2.3. Hybrid VIC and ANN Model

The semi-distributed VIC model can explicitly represent the effects of the spatial variability of infiltration, precipitation and vegetation on water fluxes throughout the landscape. It cannot, however, accumulate the total runoff generated from individual subbasins by linear superposition alone. As discussed above, the hydrology model developed in this study was designed to integrate the advantages of both ANNs and the VIC model. A flow chart of the semi-distributed VIC model equipped with ANNs is provided in Figure 1. The hybrid model includes three components: The VIC model, the ANN bias-correction model (ABCM) and the ANN routing model (ARM). The first component simulates each subbasin runoff process by delineating and calibrating them separately. Next, each subbasin’s simulated daily runoff errors are corrected by the ABCM. The corrected streamflows from the simulation for the three subbasins are then input to the ARM, which routes them to the outlet of the network to form the hydrograph of the outlet of the entire watershed.

The VIC model can be driven by meteorological data and calibrated by streamflow data in each subbasin. To ensure the most accurate possible discharge is obtained, the simulated errors of the VIC model can be calculated using the initial streamflow and ABCM-simulated runoff using Equation (1):

$$E_i(t)=F_{{BP}_i}[Q_{{sm}_i}(t),Q_{{ob}_i}(t-1),Q_{{ob}_i}(t-2),\dots ,Q_{o{b}_i}(t-i)]$$

(1)

where $Q_{s{m}_i}(t)$ and $E_i(t)$ respectively denote the computed discharge and simulated error of each subbasin i at time t. $Q_{o{b}_{\mathrm{i}}}(t-1)$ denotes the initial flow of each subbasin i at time t − 1. $F_{BP}$ represents the BP neural network. It is necessary to test the autocorrelation of individual subbasin runoff values to obtain the ANN input parameters first, then the ANN can be used to establish the functional relationship of $Q_{o{b}_{\mathrm{i}}}\left(t\right)$ and $E_i(t)$. The ANNs in this model were designed for a “one-step-ahead” prediction, so there is a single node ($E_i(t)$) for the ANN output. Finally, the corrected flow $Q_{m{d}_i}(t)$ of each subbasin is calculated by adding $E_i(t)$ to $Q_{s{m}_i}(t)$:

$$Q_{m{d}_i}(t)=Q_{s{m}_i}(t)+E_i(t)$$

(2)

Typically, the initial subbasin flow affects the total runoff output during the concentration process.
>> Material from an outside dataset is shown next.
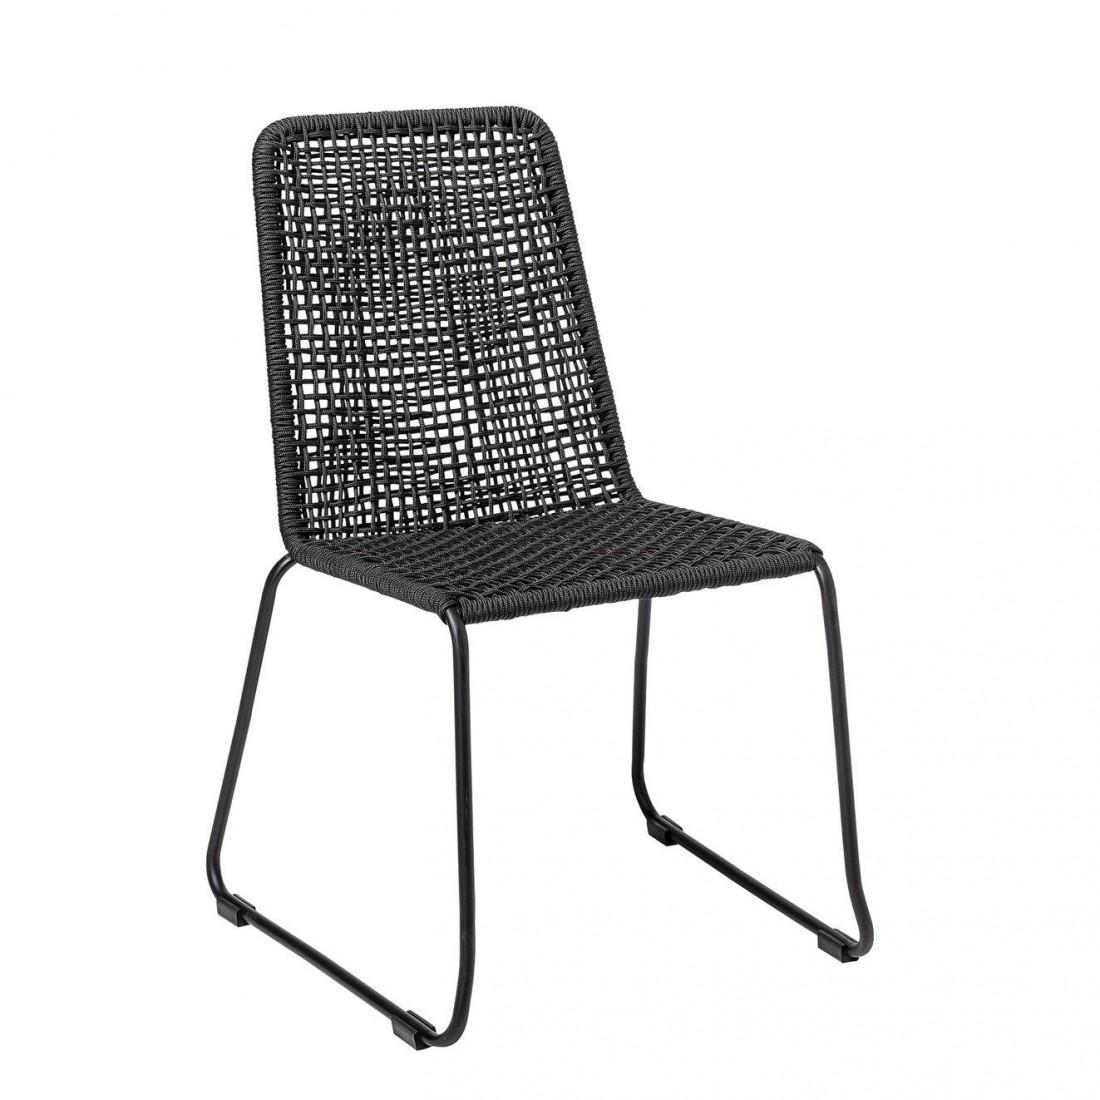 Chaise de jardin Mundo Bloomingville

The total outflow $Q_{all}(t)$ at the whole basin outlet can be determined by inputting all subbasin-corrected flows using Equation (3), accordingly, where $Q_{all}(t)$ and $Q_{m{d}_i}(t)$ denote the total runoff output and corrected flow of each subbasin i at time t, respectively:

$$\begin{array}{ll}{Q}_{all}(t)=F_{BP}& [Q_{m{d}_1}(t),Q_{m{d}_1}(t-1),Q_{m{d}_1}(t-2),\mathrm{\dots },Q_{m{d}_1}(t-r),\\ & Q_{m{d}_2}(t),Q_{m{d}_2}(t-1),Q_{m{d}_2}(t-2),\mathrm{\dots },Q_{m{d}_2}(t-m),\\ & Q_{m{d}_{{}_3}}(t),Q_{m{d}_3}(t-1),Q_{m{d}_3}(t-2),\mathrm{\dots },Q_{m{d}_3}(t-n)]\end{array}$$

(3)

We used the shuffled complex evolution (SCE-UA) algorithm to optimize the VIC model for each subbasin. An ensemble of 100 models was acquired by training the ANNs 100 times with the SCE-UA algorithm. This arithmetic averaging technique was then applied to acquire the final output from the prediction band ensembles. Said technique is simple, effective and does not introduce any additional parameters as opposed to other approaches, like the principle of entropy maximization or weighted averaging. A cross-correlation approach was employed to secure reasonable input parameters [40,41]. Furthermore, the node quantity in the hidden layer of the ANNs was specified from one to 30 to optimize the ANN architectures.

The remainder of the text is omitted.